Frank Romero
Throughout his 40 year career as an artist, Frank Romero has been a dedicated member of the Los Angeles arts community. As a member of the 1970s Chicano art collective, Los Four, Romero and fellow artists Carlos Almaraz, Beto de la Rocha and Gilbert Lujan, helped to define and promote the new awareness of La Raza through murals, publications and exhibitions. Los Four's historic 1974 exhibition at the Los Angeles County Museum of Art was the country's first show of Chicano art at a major art institution.
Since then, Romero has successfully balanced a career in both the public and private arenas.

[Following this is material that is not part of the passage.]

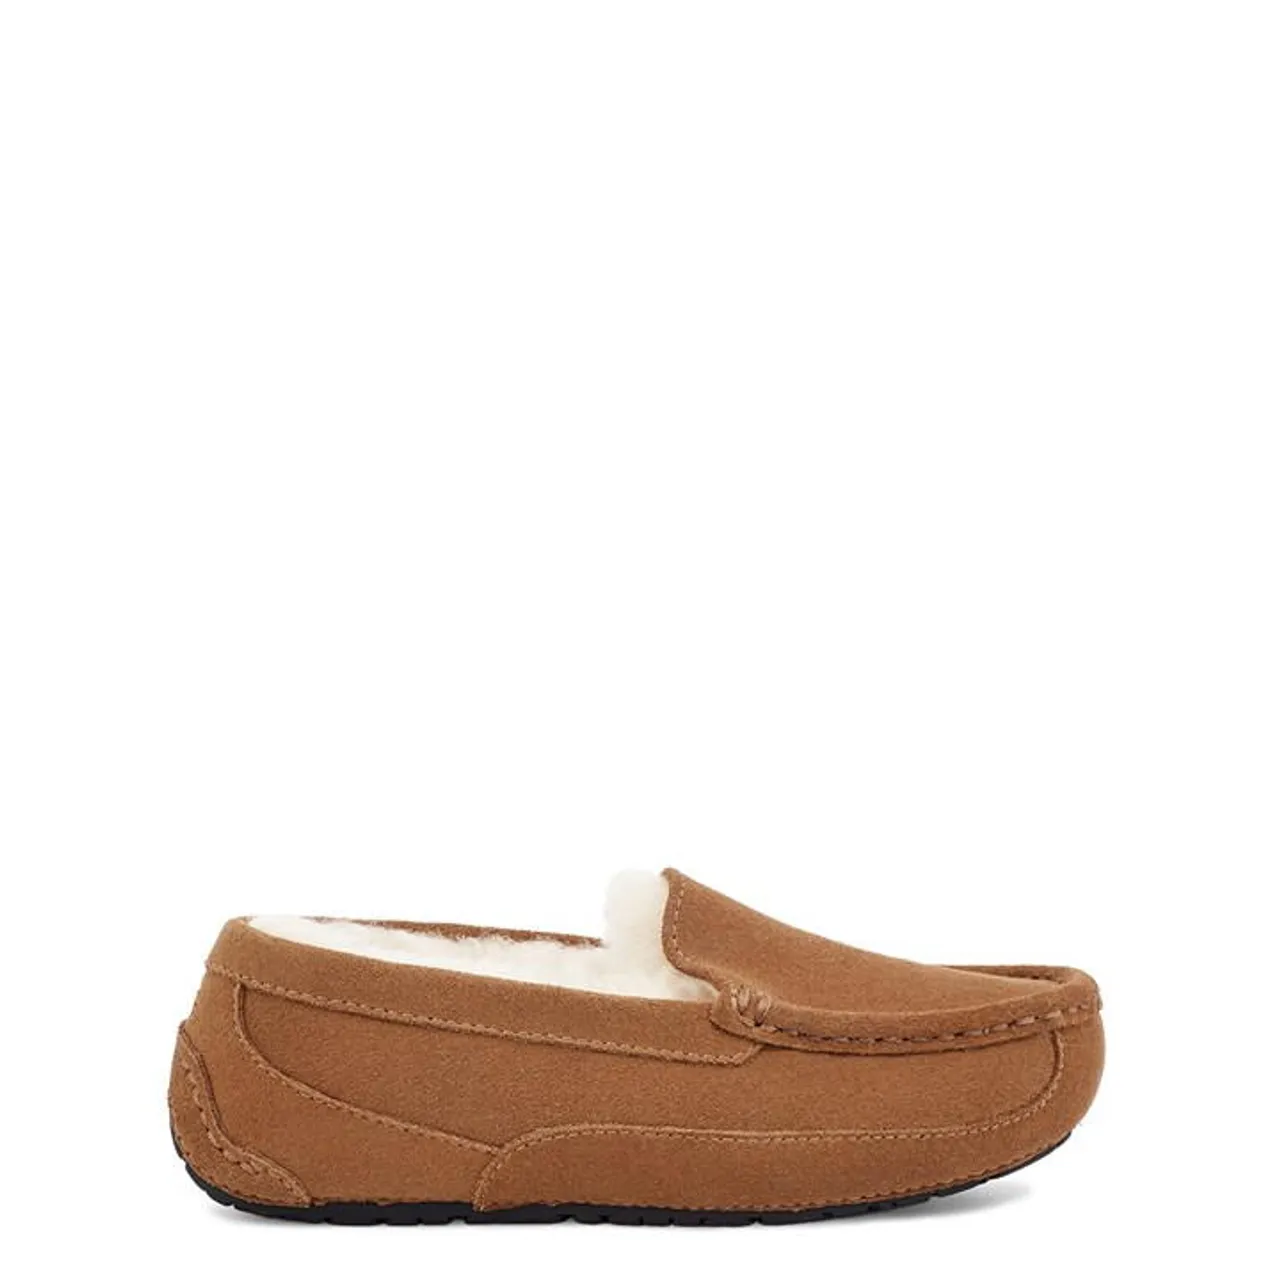 Ugg Ascot Suede Slippers - Brown

He has completed over 15 murals throughout the city, and was a key contributor to the 1984 Olympic Arts Festival with “Going to the Olympics,” a large scale mural which adorns one of Los Angeles’ busiest freeways (Highway 101). He recently restored this mural with a grant by the Amateur Athletic Foundation, as well as working on new murals for SPARC (Ritchie Valens Park in Pacoima) and North East Trees (along the Los Angeles River) and in Silverlake.
Romero has shown extensively in the United States, Europe and Japan. Notable exhibitions include: "Chicanarte" (L.A. Municipal Gallery), "Hispanic Art in the United States" (Corcoran Gallery, Washington D.C. and national tour), "Le Demon des Anges" (Nantes, France; Barcelona, Spain; Lund Sweden and Brussels, Belgium), and "American Kaleidoscope" (National Museum of American Art, Smithsonian Institution, Washington D.C.). His work is featured in many permanent collections, including the National Museum of Art in Washington D.C., the Los Angeles County Museum of Art, and the Carnegie Museum in Oxnard, CA.
Frank Romero was a recipient of the prestigious 2001/2001 COLA Award Grant In addition, his work is included in two current traveling shows: Cheech Marin’s Chicano Visions: American Painters on the Verge and Arte Latino, Treasures from the Smithsonian American Art Museum. Romero’s works can be seen at the Patricia Correia Gallery at Bergamot Station in Santa Monica and his newly created 44’ mural, The L.A. River, is currently on display at the Natural History Museum in Los Angeles’ L.A.: Light/Motion/Dreams exhibition.